Conversation

Replying to and
There's some documentation on the approach in the README. It was written to be a replacement for the previous port of OpenBSD malloc and shares a lot of the basic design concepts with it. It does lean more towards security than performance and cares a lot about low fragmentation.
1
Replying to and
I would be using a slab allocator approach with out-of-line slab metadata even for a fully performance oriented allocator, like the Linux kernel. Bitmaps instead of free lists is the main difference from a pure performance-oriented approach but jemalloc uses bitmaps to pack data.
1
Replying to and
Mapping from addresses to the slab metadata can be done in various ways like the alignment trick in jemalloc, PartitionAlloc and OpenBSD malloc. That's not needed here due to reserving isolated regions for slab allocations metadata (slabs, large allocations, and all other state).
1
Replying to and
That could still be a perfectly suitable approach in a purely performance-oriented allocator. I'd just throw away all the security features layered on top, replace bitmaps with free lists and add small array-based thread caches like jemalloc to amortize the cost of locking.
1
Replying to and
Scalability primarily comes from having locking divided up per-arena and per-size-class within the arenas, so with 4 arenas, there are 4 separate sets of size class regions, each with their own entirely independent locking (there is no global or arena-level locking for slabs).
1
Replying to and
Being solely focused on 64-bit support is liberating and is what makes it very different than OpenBSD malloc.

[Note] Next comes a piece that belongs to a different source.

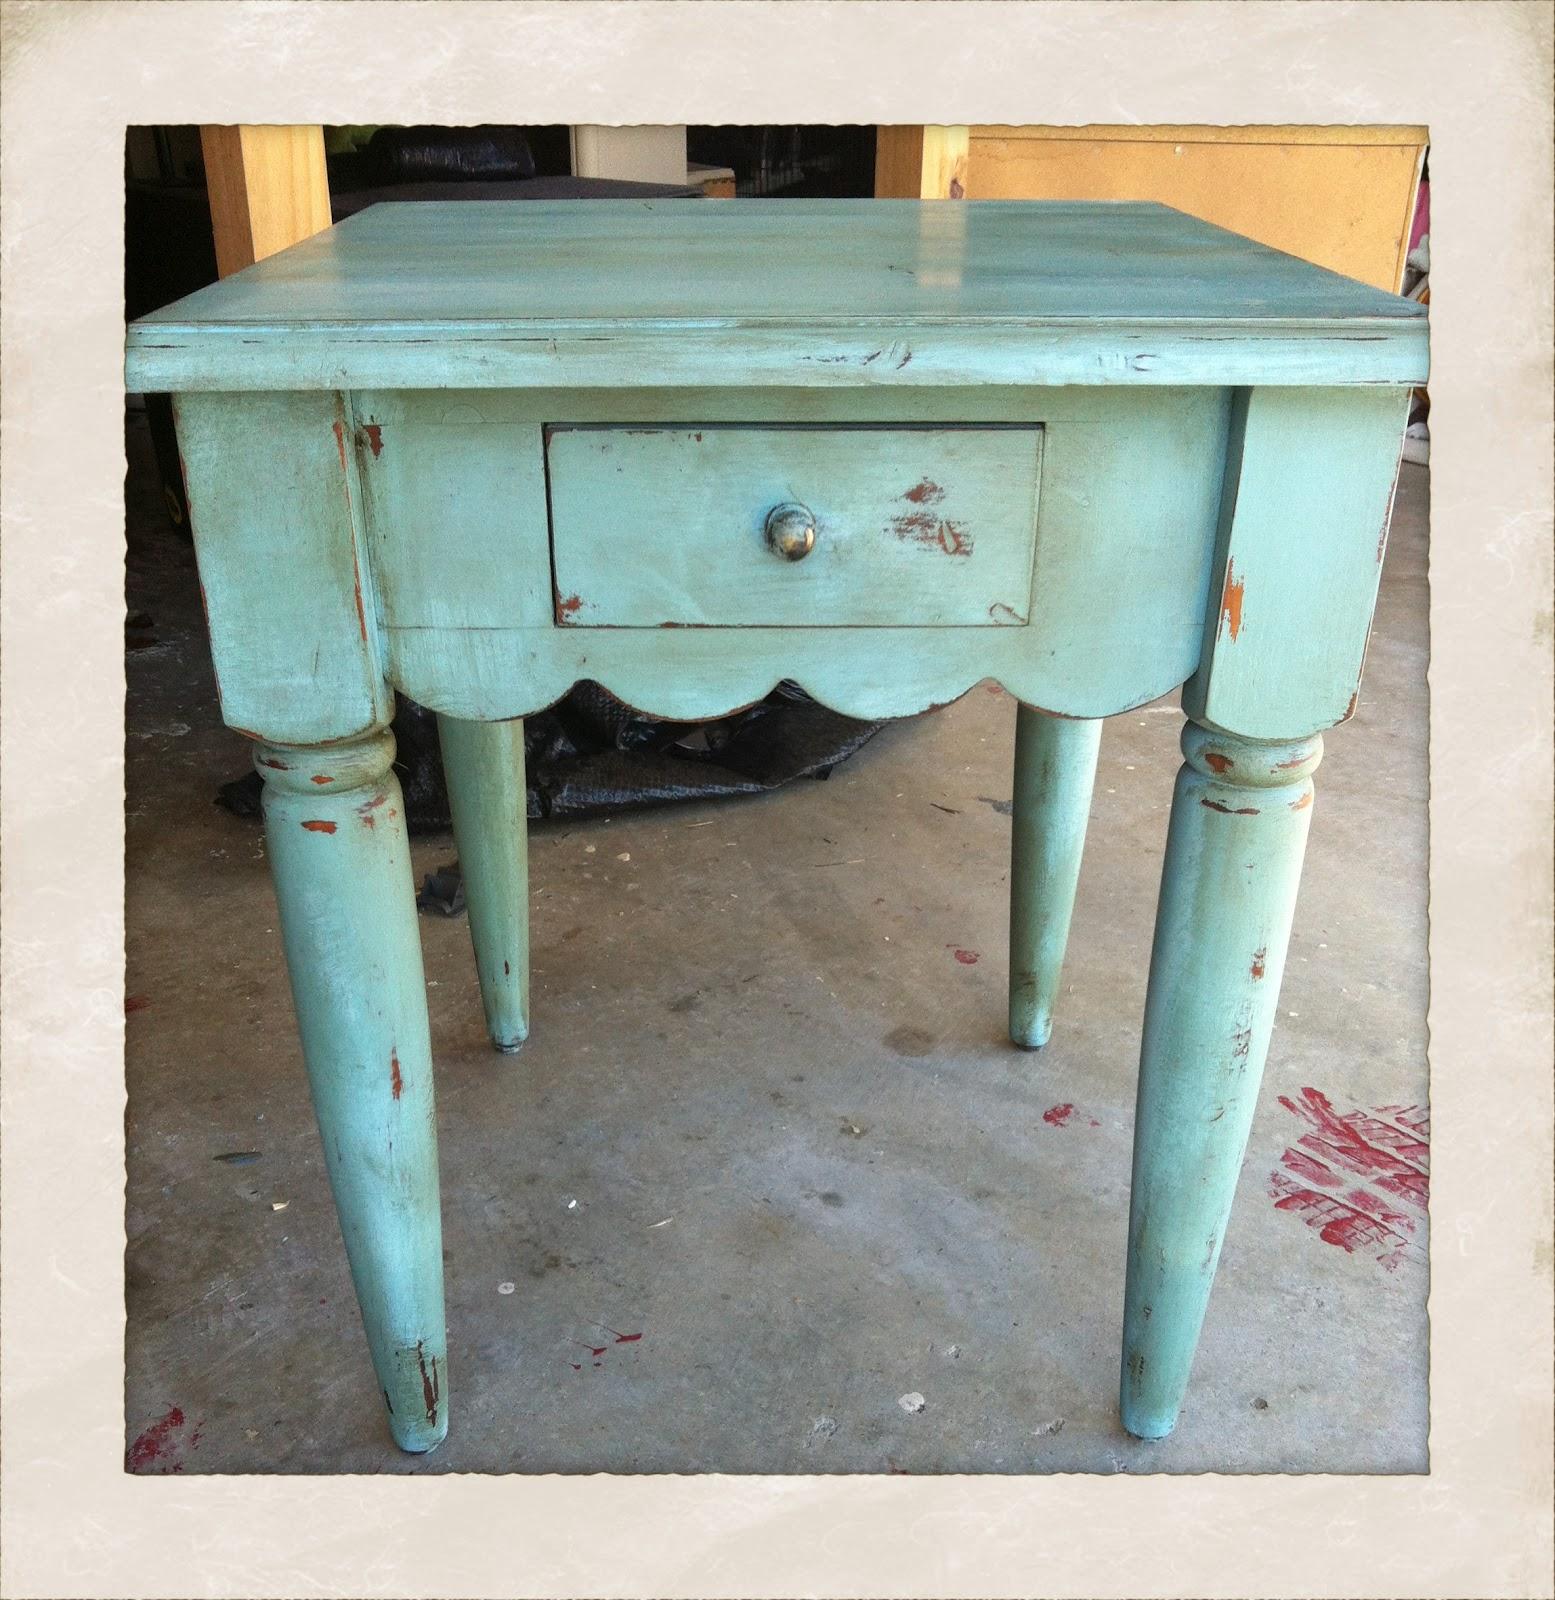 Wax For Antique Furniture - Wax For Antique Furniture Antique Furniture

It frees it from needing to use the alignment tricks or global data structures and enables never mixing / reusing address space between size classes or metadata.
1
Replying to and
Guard slabs also only hurt performance by making the address space sparser. It simply skips them and they never get unprotected. For the default guard slab interval of 1, slabs with a single slot are getting guaranteed guards on both sides with no direct / major performance cost.
1
Replying to and
In a purely performance-oriented allocator, the slab allocator approach is faster, lower fragmentation and has far lower memory usage for metadata. Metadata overhead is lower than 1% for 16 byte allocations with a slab allocator using free lists and a bit over 1% with bitmaps.
1
Replying to and
It's a bit higher here, since it has a bitmap for the quarantine as well in order to provide proper reliable double-free detection without needing an approach like a hash table tracking every element in the quarantine. Canaries also waste space but memory tagging will replace it.
1
Replying to and
Since it doesn't support 64-bit, I do need to choose something else for legacy 32-bit components. That may mean enabling Scudo globally for 32-bit, since it's already going to be around. I prefer the slab allocator approach though, and it just offers better security properties.
1
Replying to
There's probably some direct collaboration that could happen, but even without it, it's immensely helpful to me for Android to be officially supporting multiple malloc implementations, especially one that's going to run into a lot of the same latent memory corruption bugs.